### [EXERCISE DETAILS]
Write out the lines of the material below exactly, beginning at the line with "123 cartes postales.Régionalisme." and stopping after the line with "R&S HÔTEL DES VENTES", and leave out the pictures.

### [MATERIAL SHOWN]
****
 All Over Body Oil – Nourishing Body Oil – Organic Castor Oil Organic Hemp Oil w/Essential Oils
****
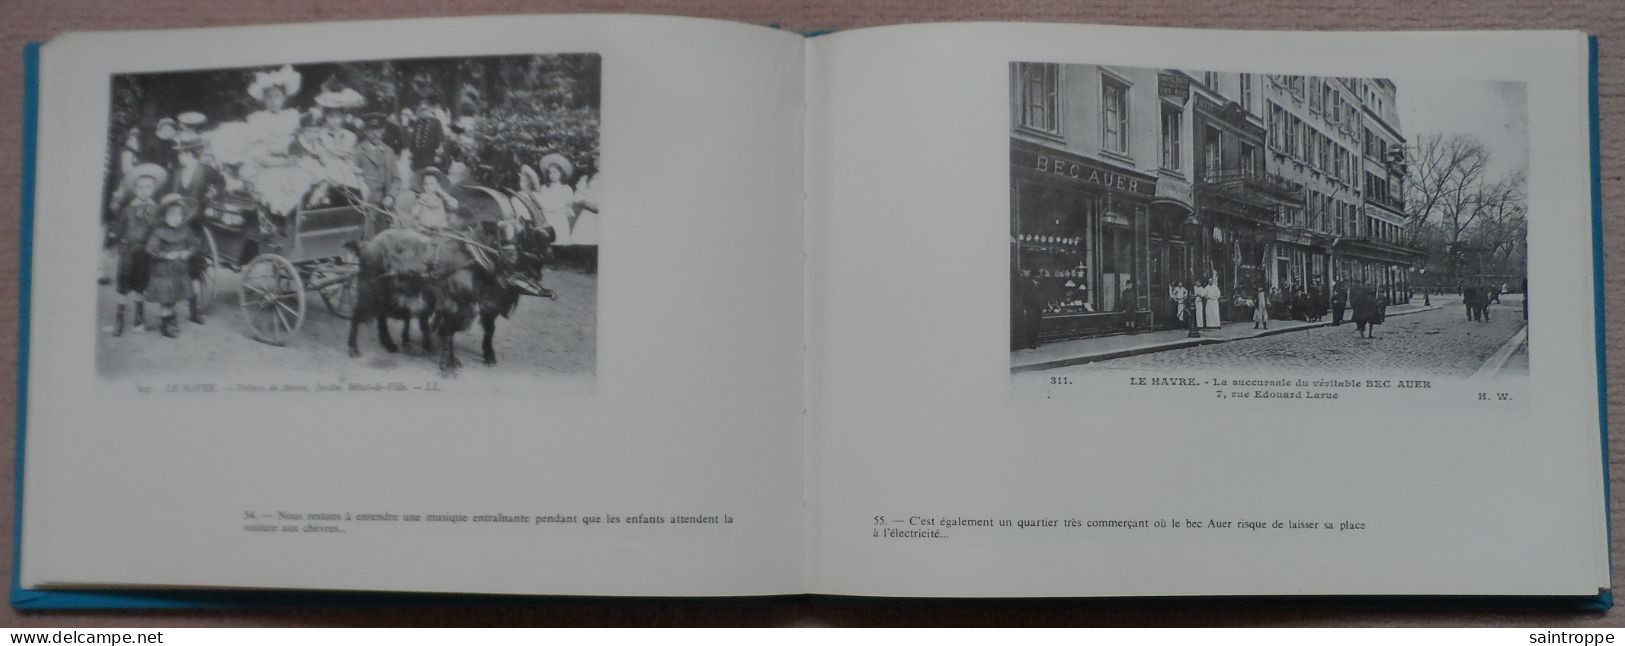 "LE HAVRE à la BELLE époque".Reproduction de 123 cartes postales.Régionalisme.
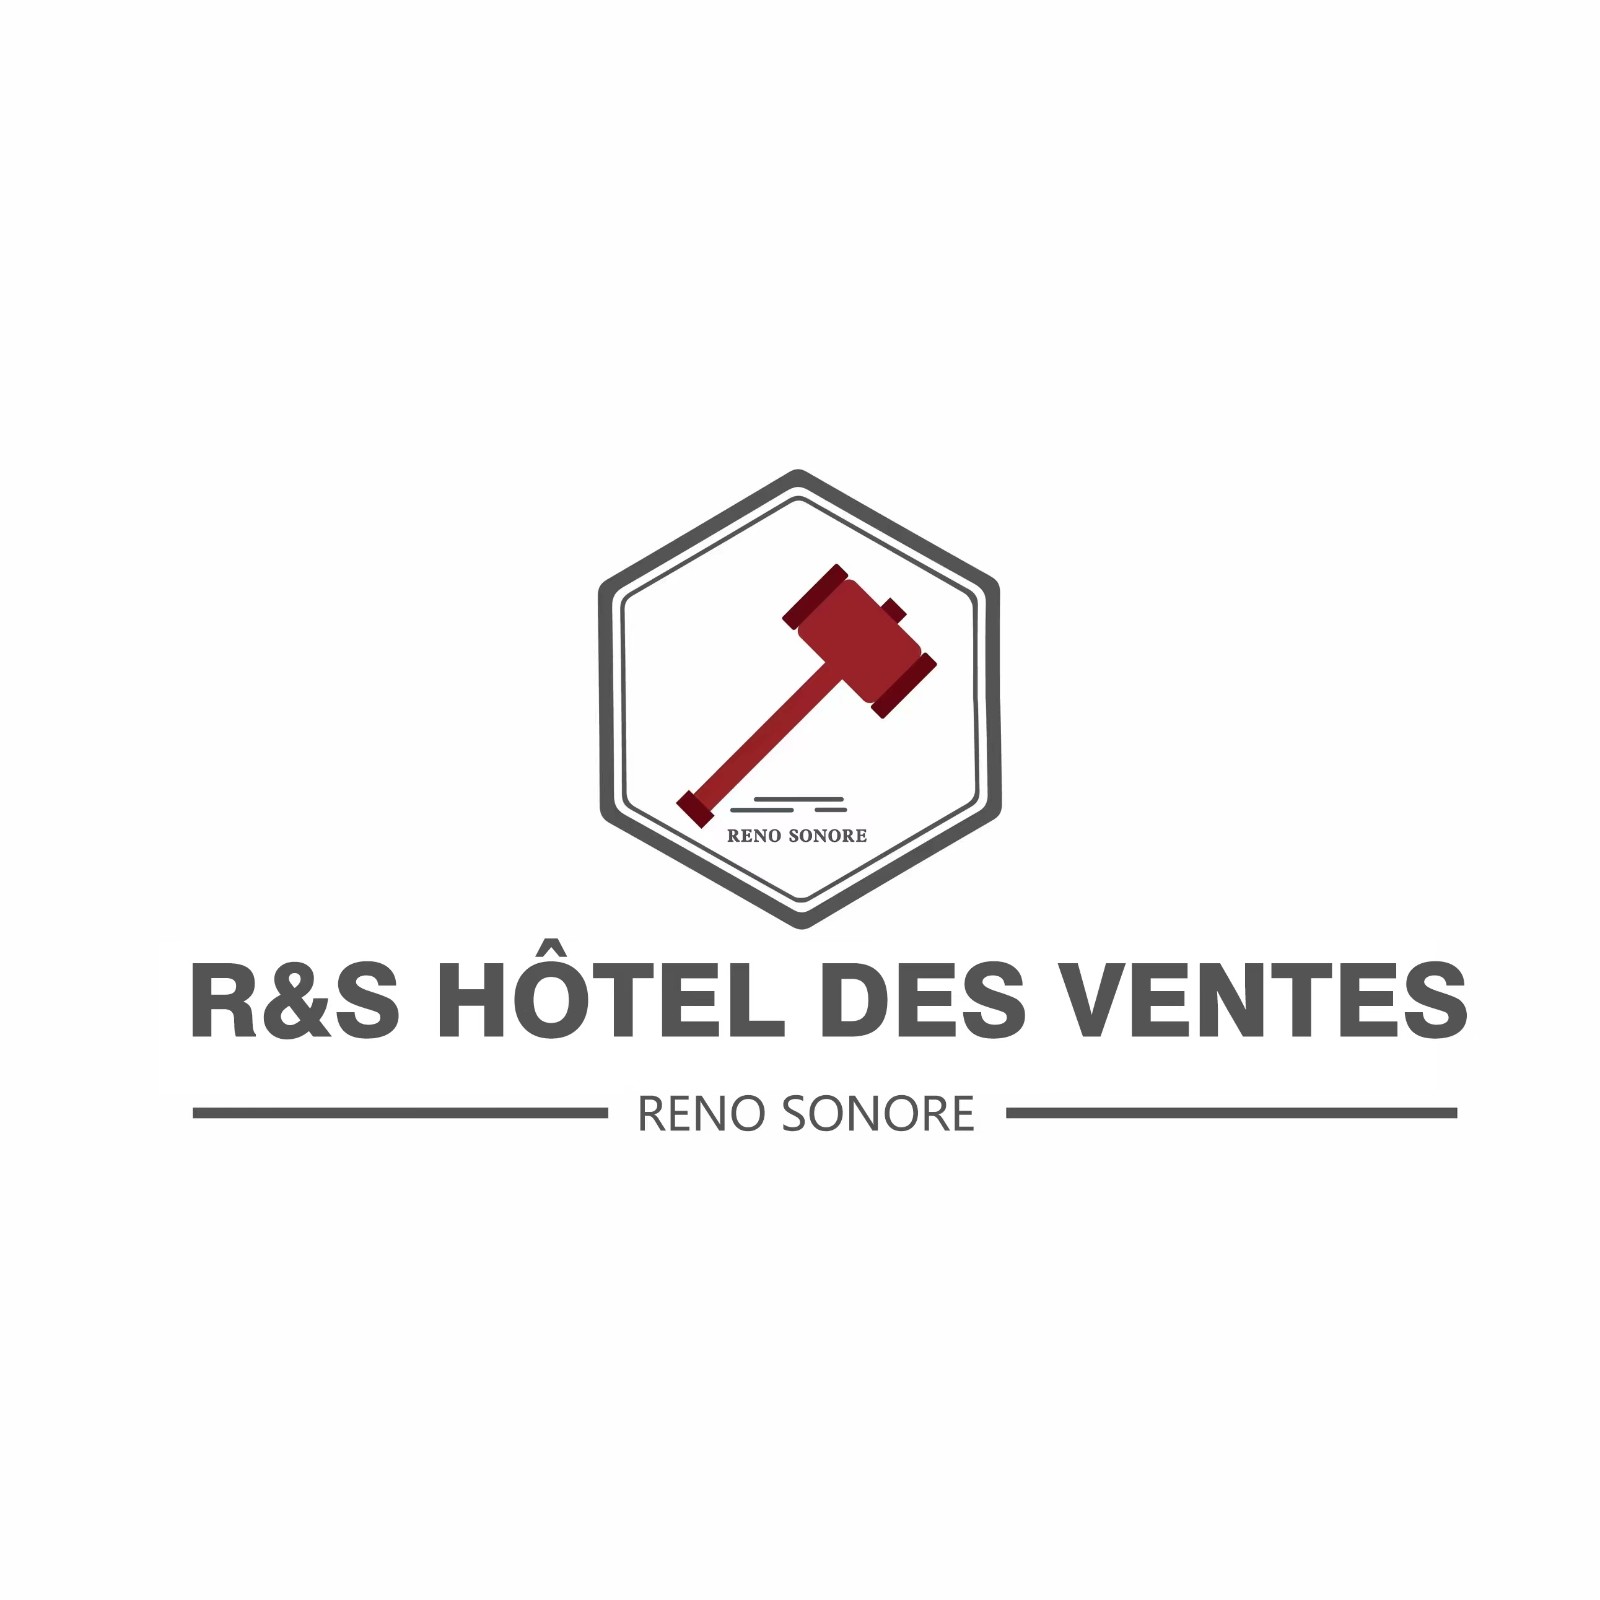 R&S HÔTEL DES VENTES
****
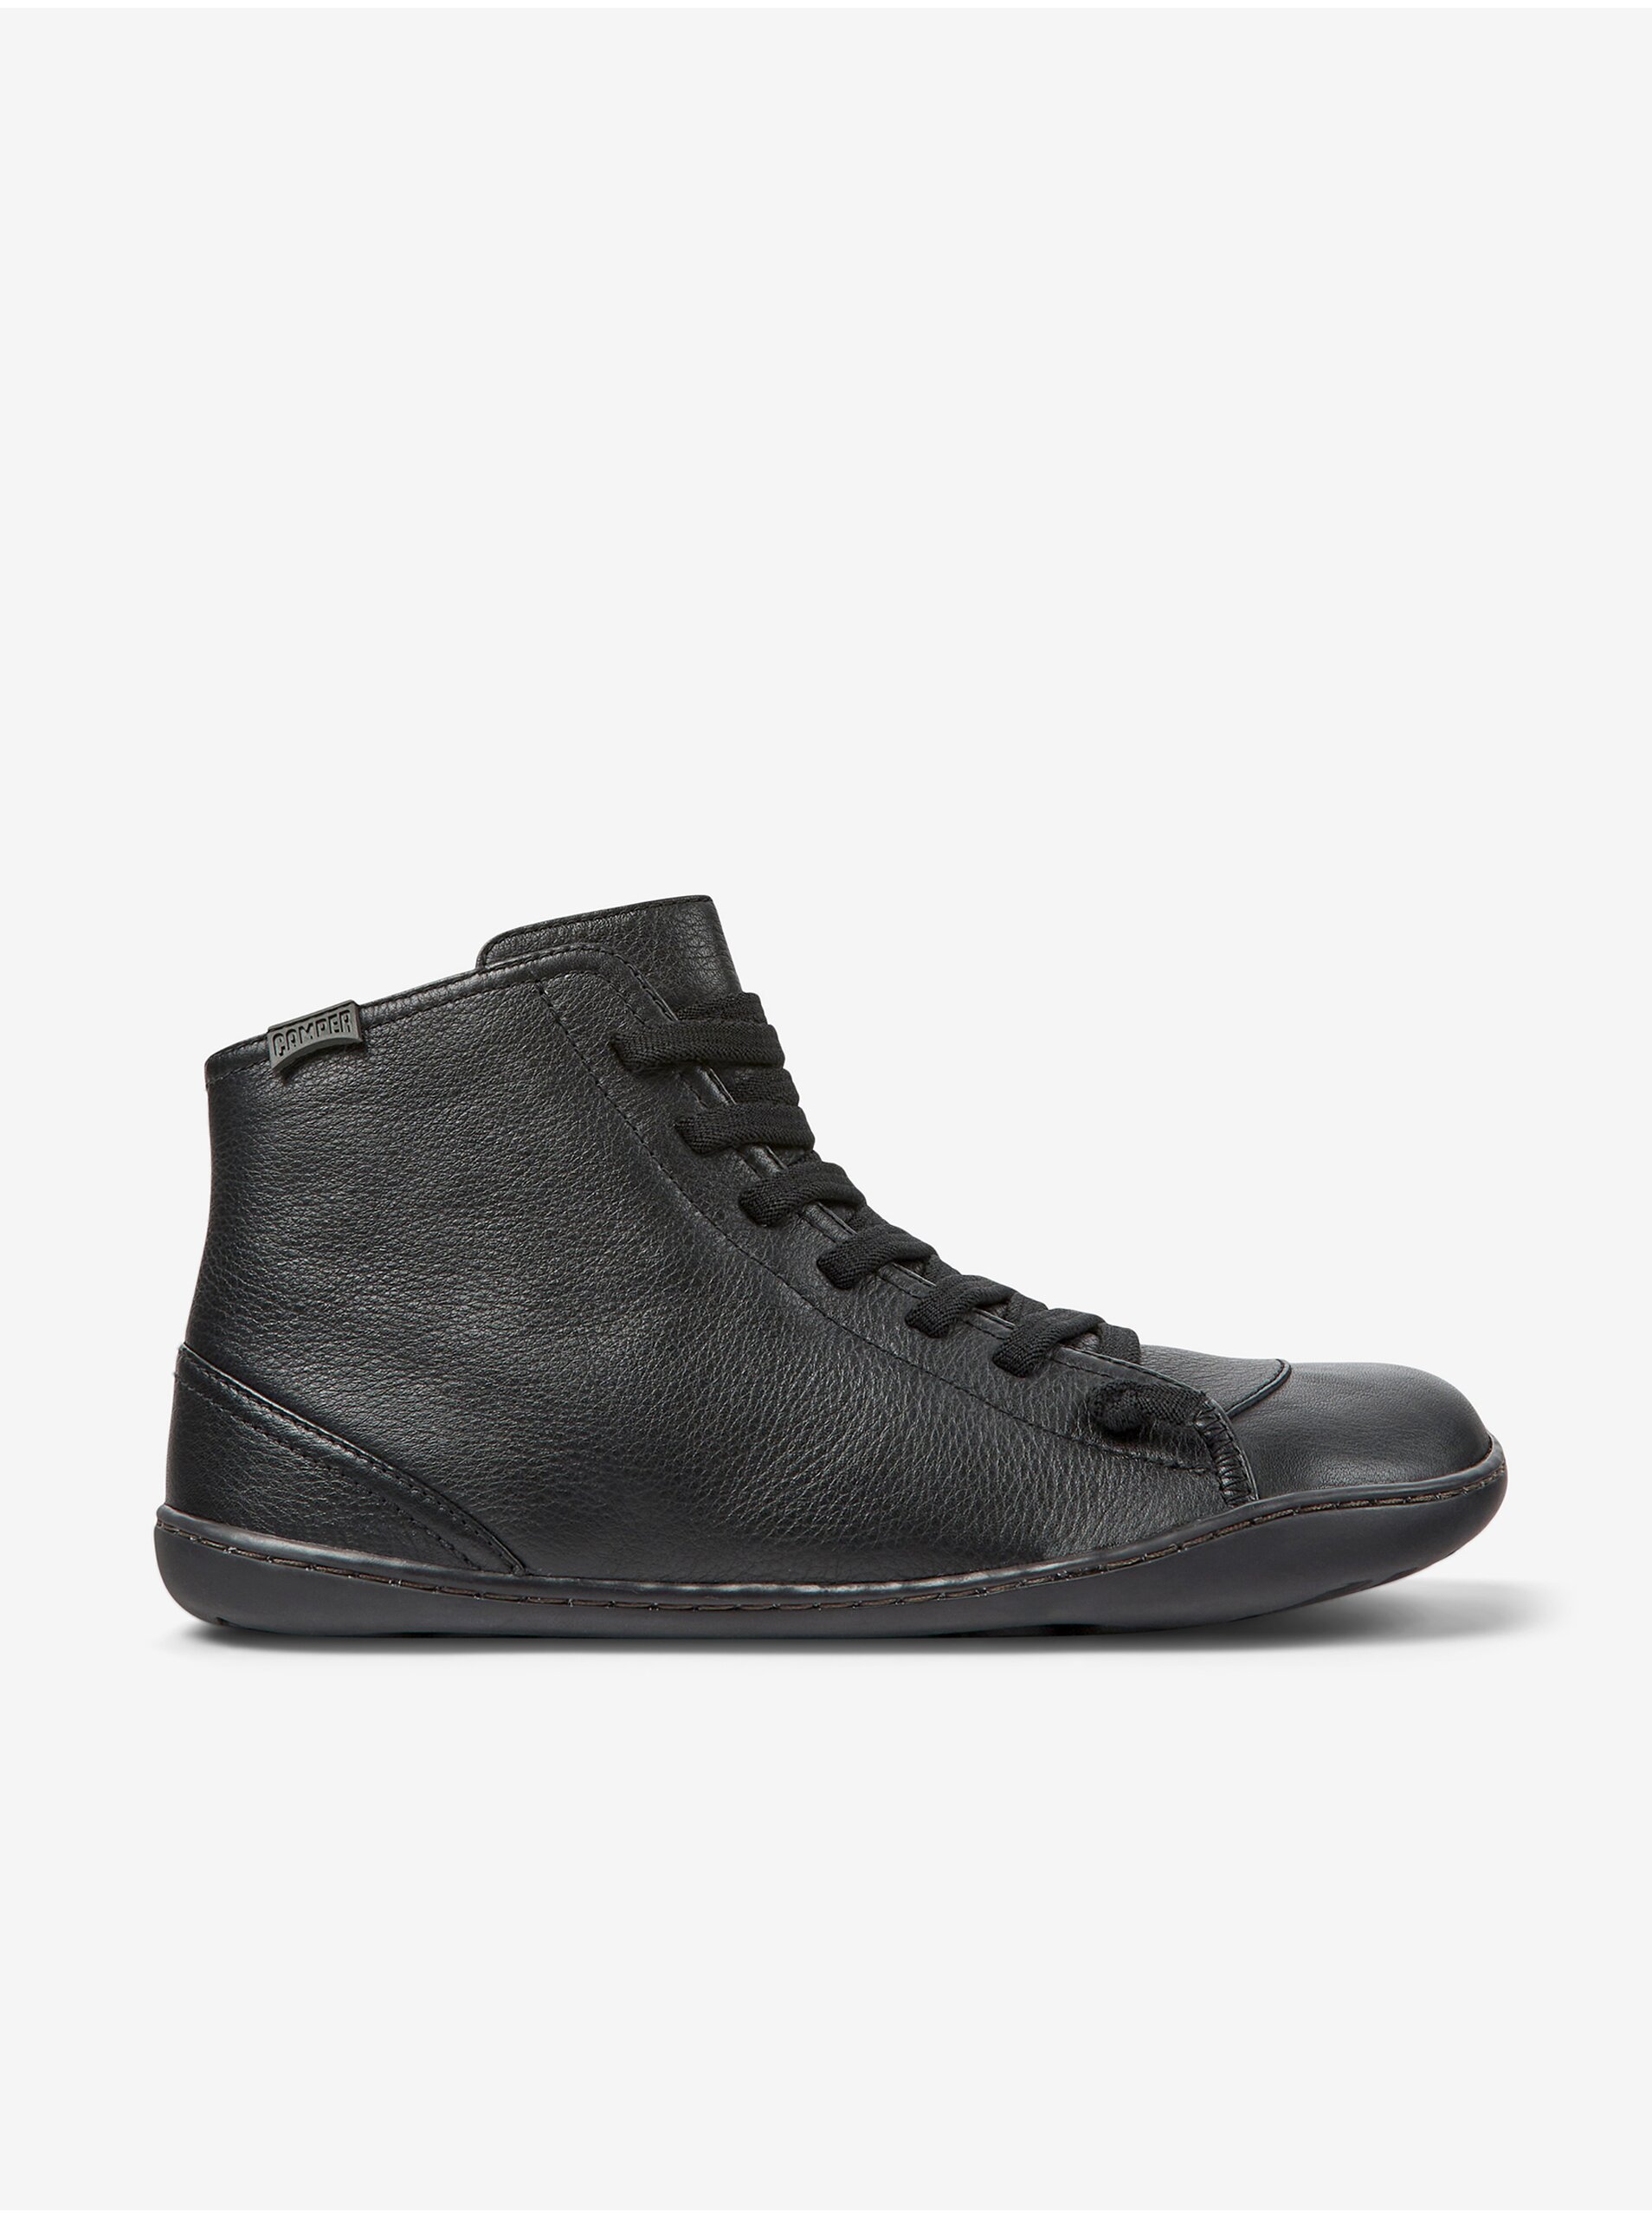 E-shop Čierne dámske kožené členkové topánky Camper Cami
****
### [FINISHED EXERCISE]
 "LE HAVRE à la BELLE époque".Reproduction de 123 cartes postales.Régionalisme.
 R&S HÔTEL DES VENTES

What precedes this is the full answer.